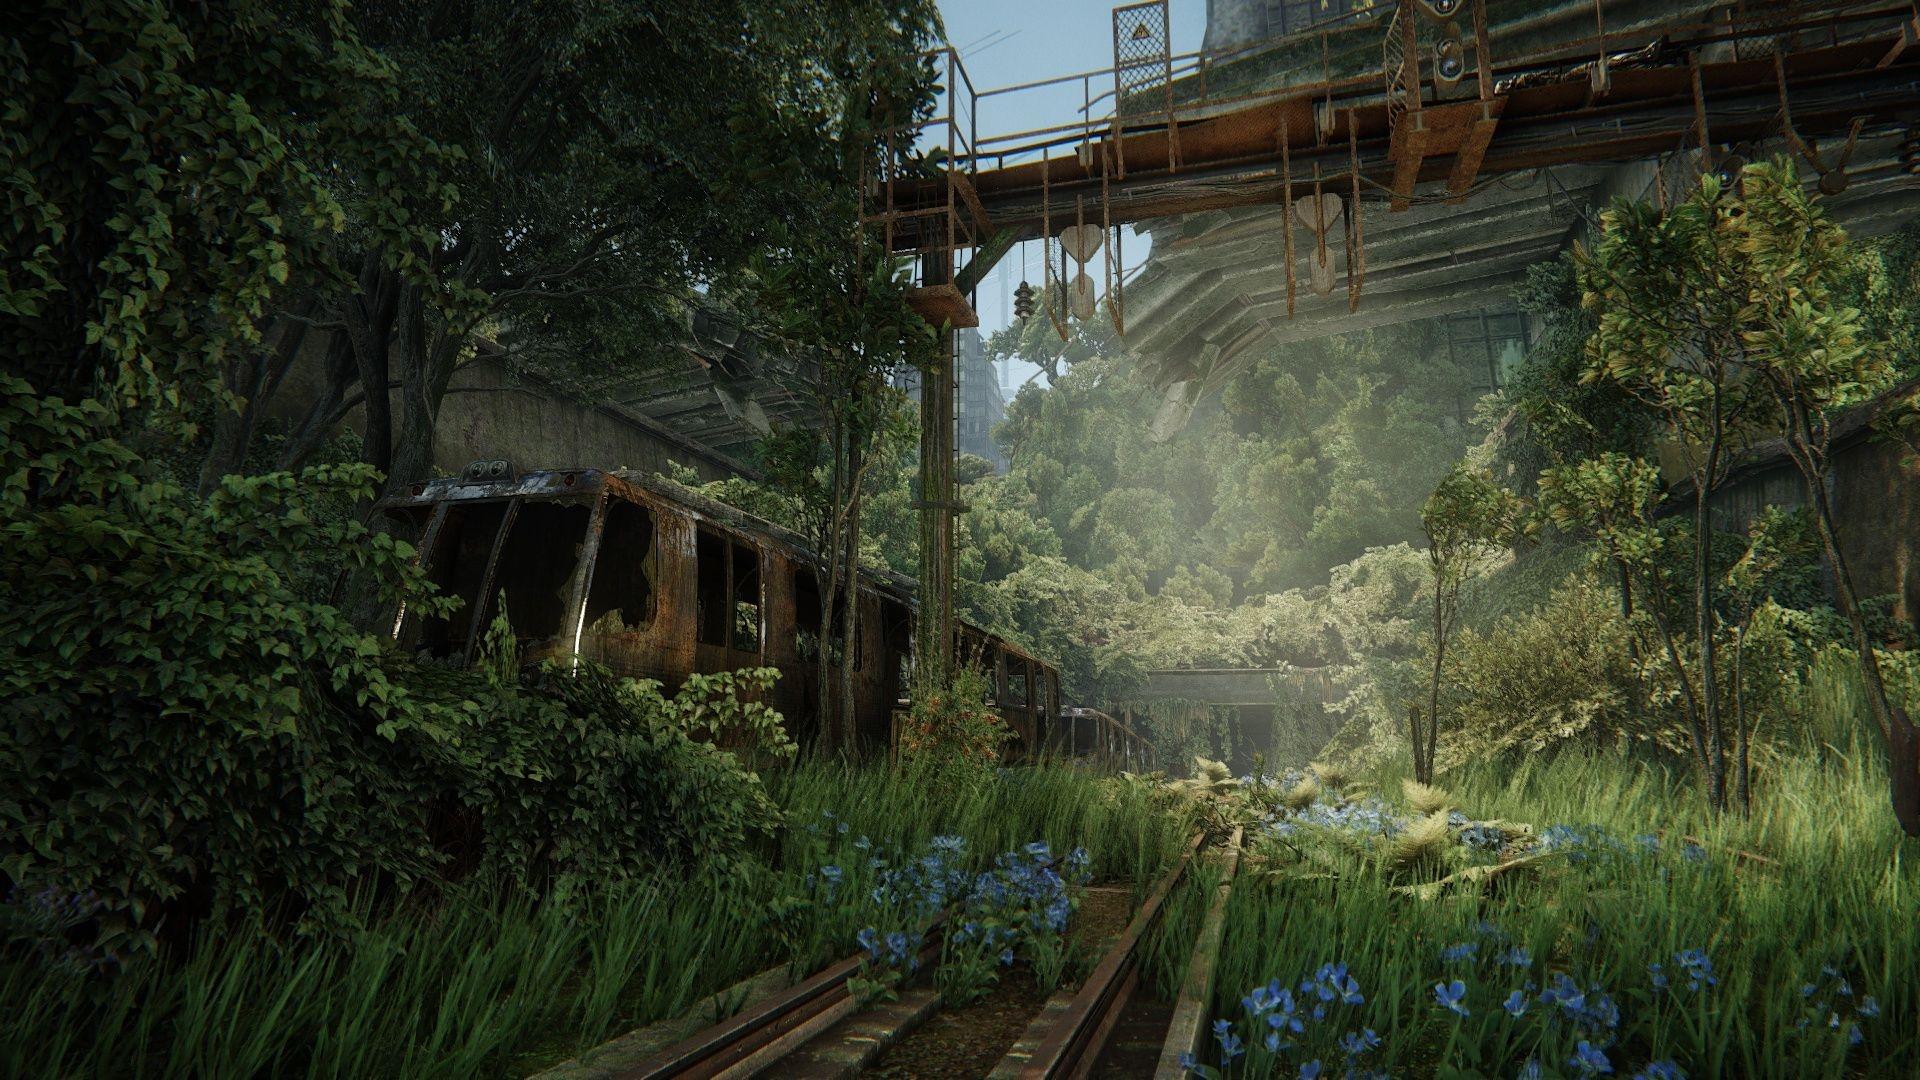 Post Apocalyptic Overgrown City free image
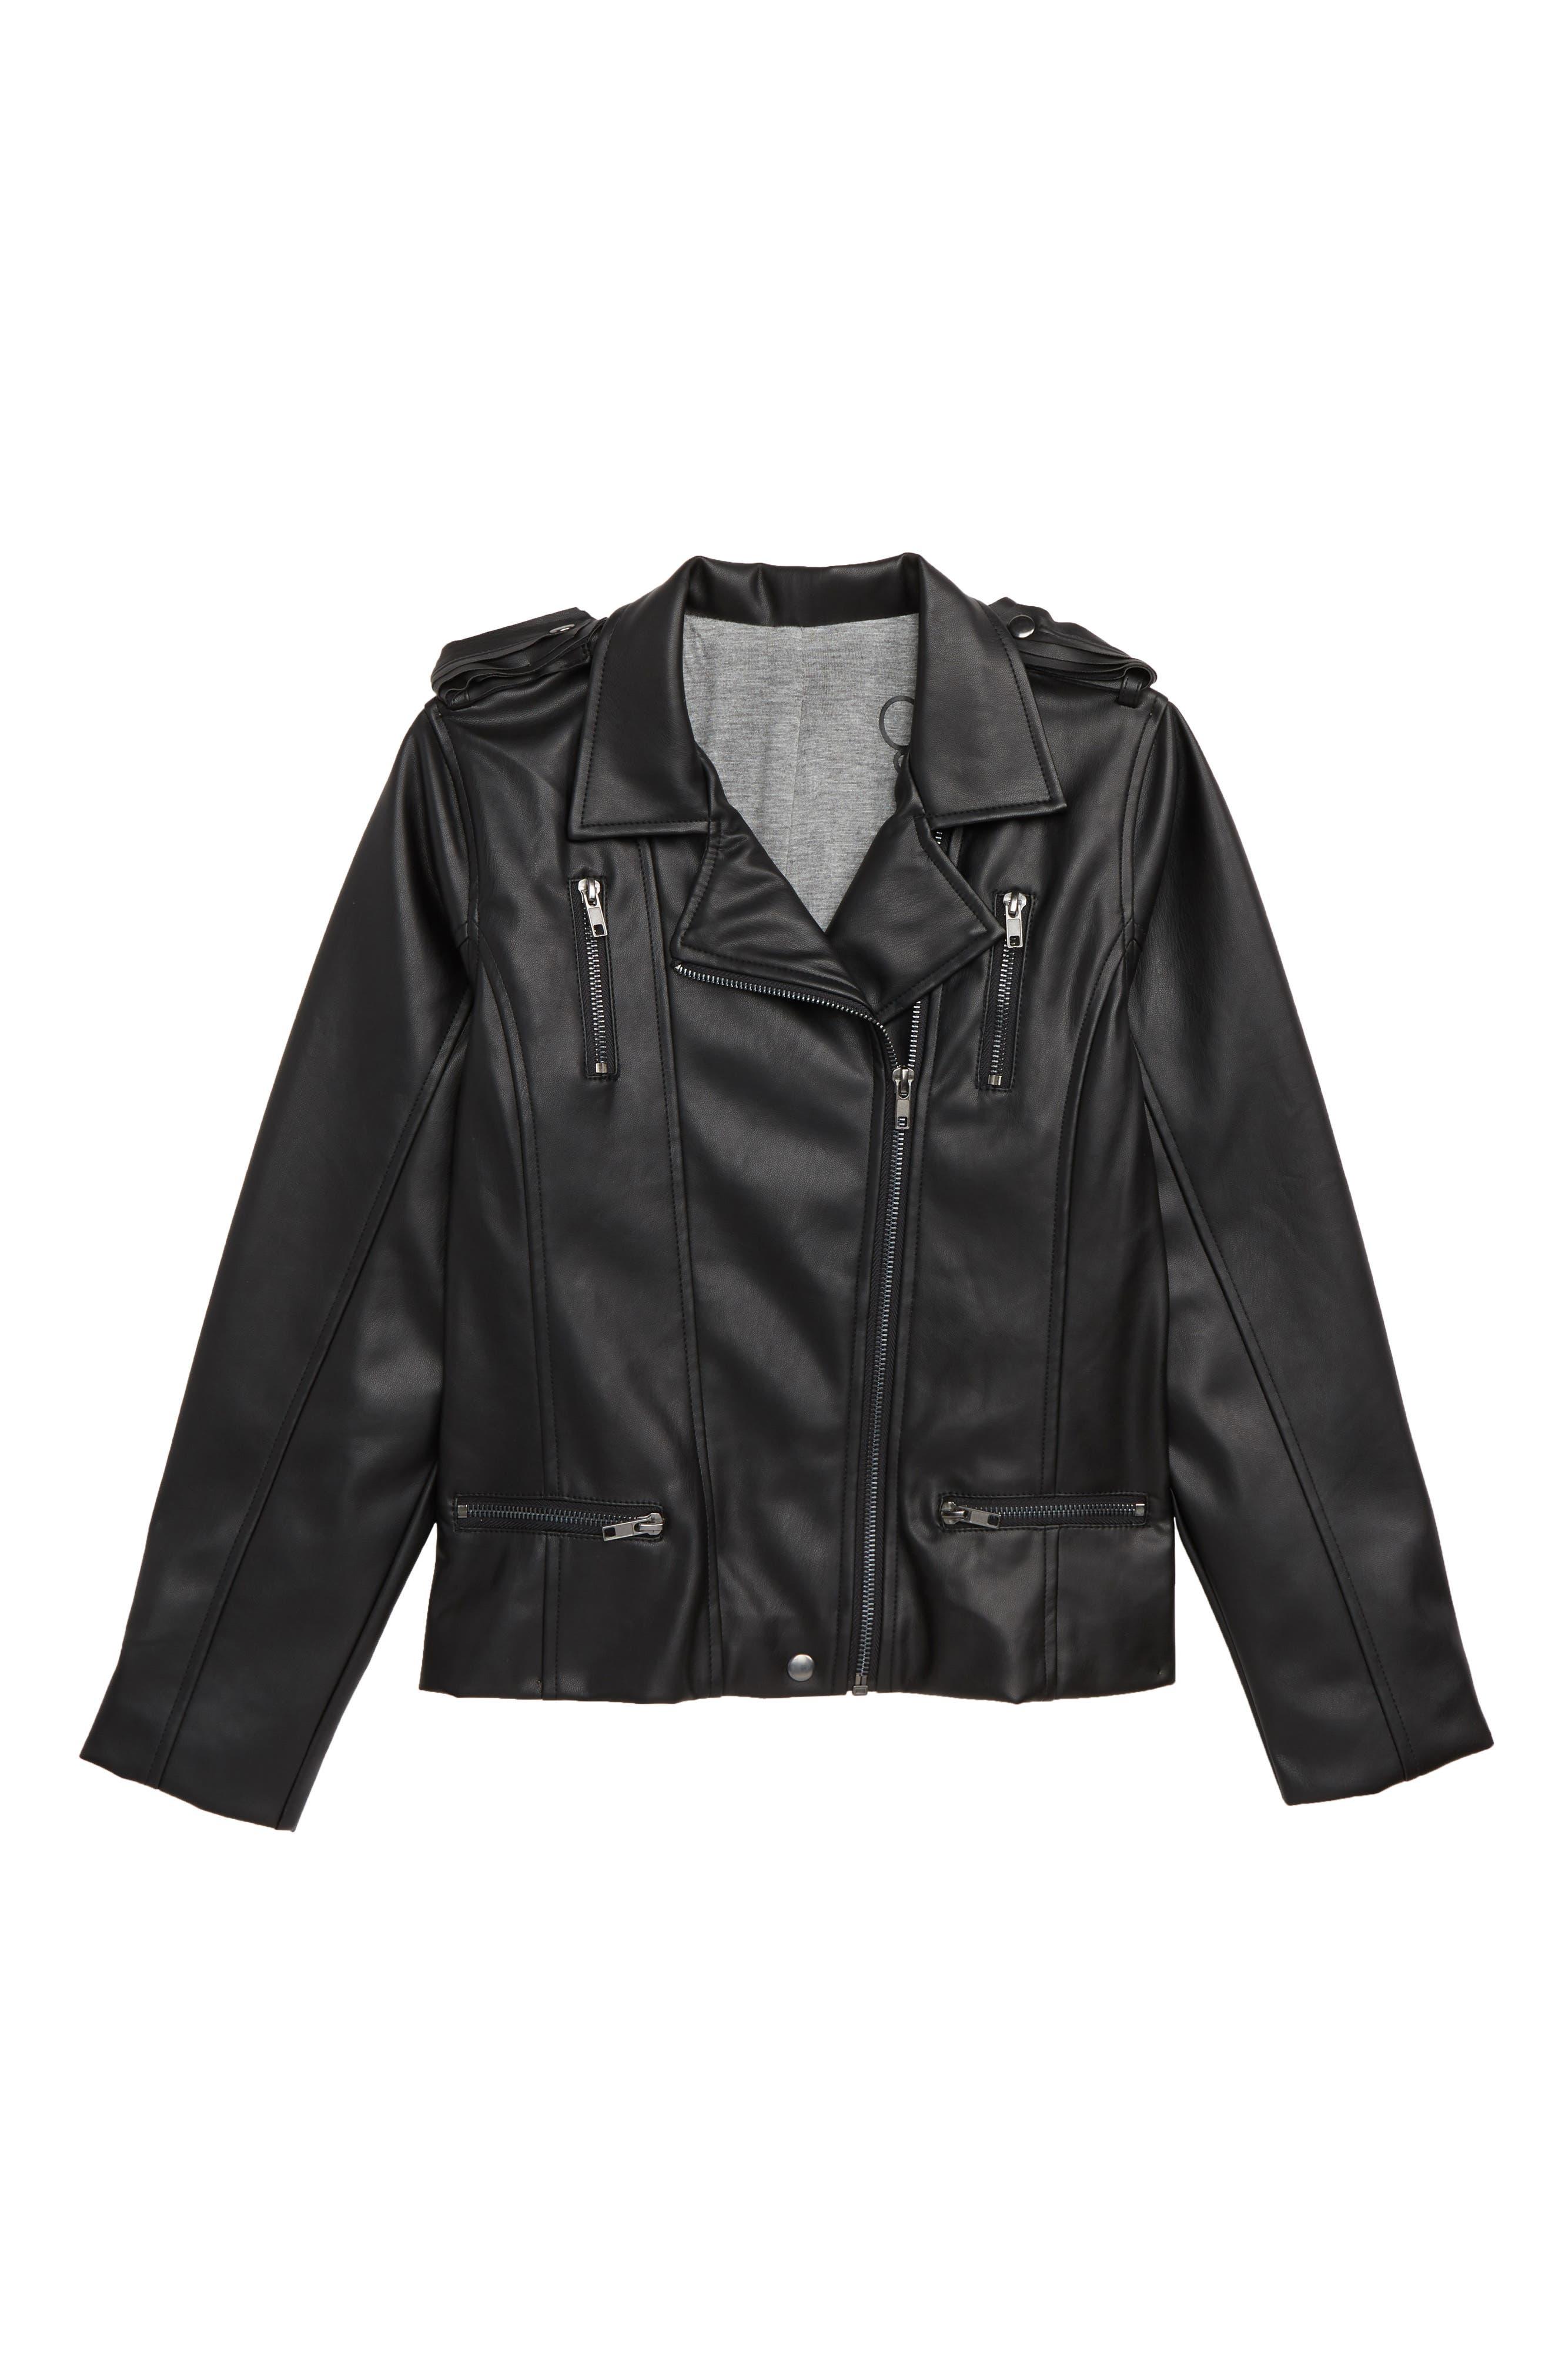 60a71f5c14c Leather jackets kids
==
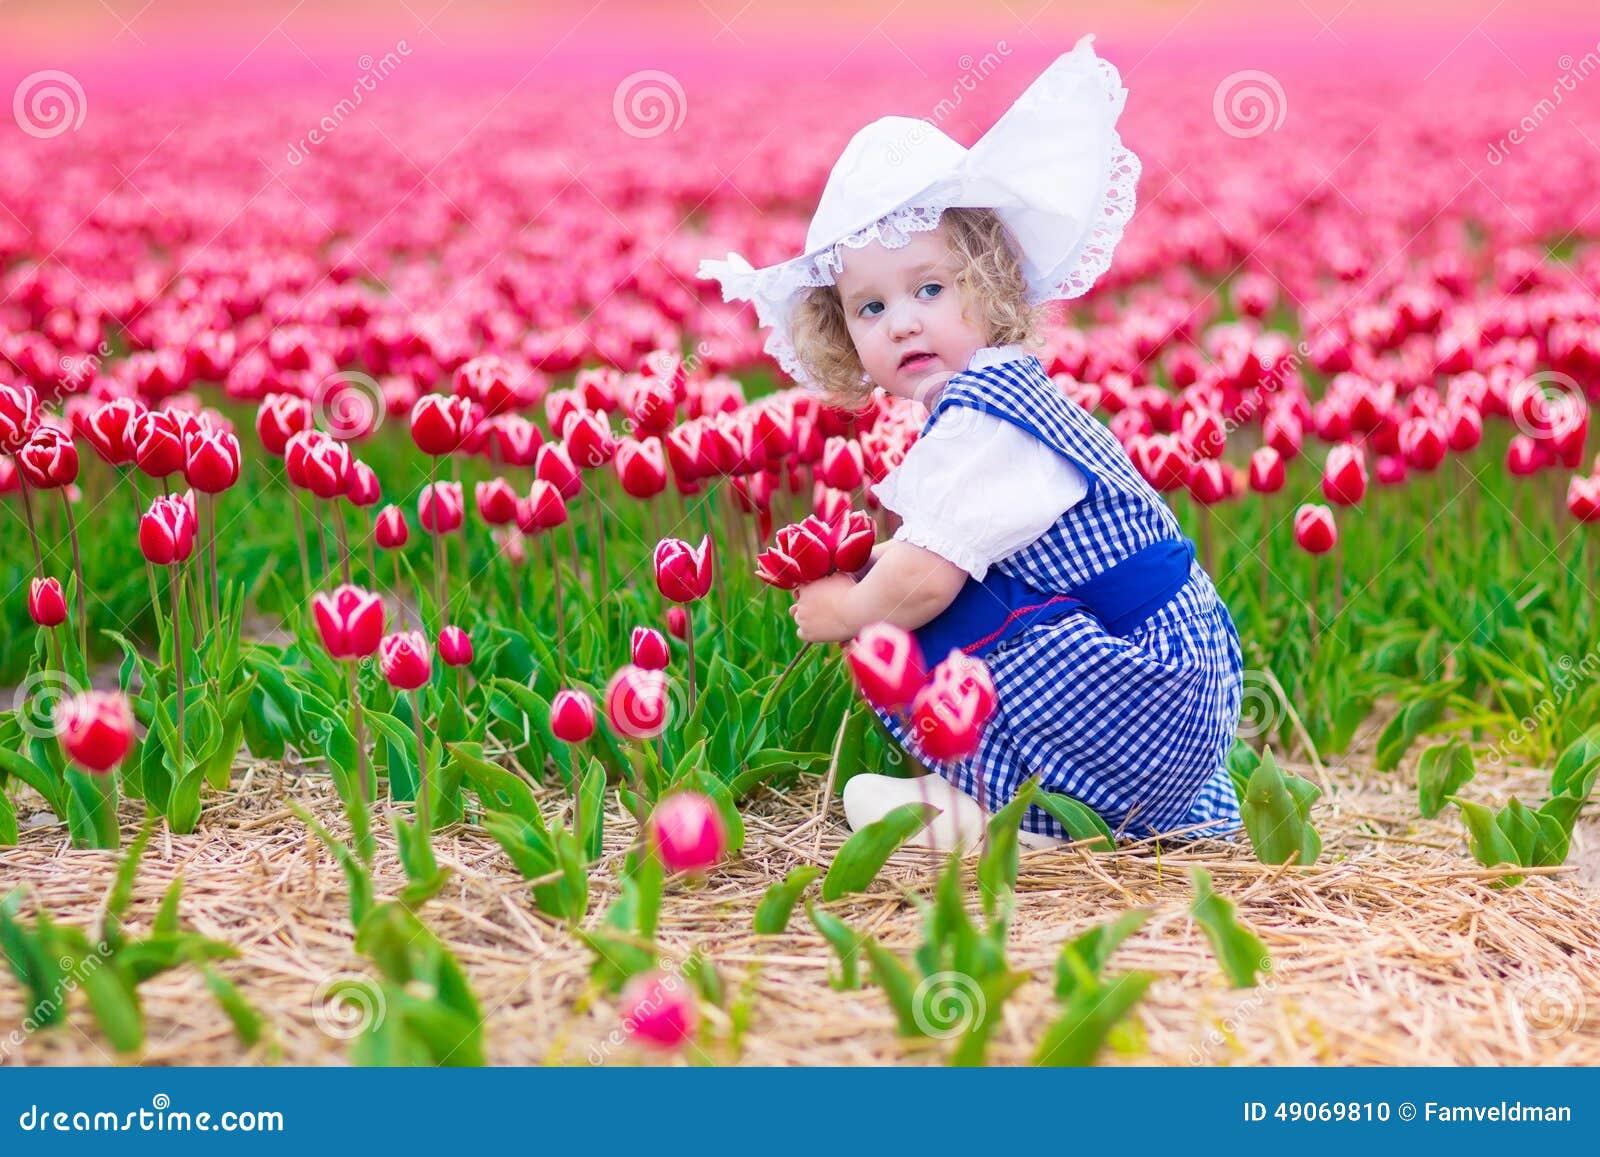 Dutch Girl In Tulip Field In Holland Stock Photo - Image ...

▶ What you will do: Look above for the line with "Post Apocalyptic Overgrown City free image" and the line with "60a71f5c14c Leather jackets kids". Output those two and everything between them exactly, pictures excluded.

▶ Worked solution:
 Post Apocalyptic Overgrown City free image
 60a71f5c14c Leather jackets kids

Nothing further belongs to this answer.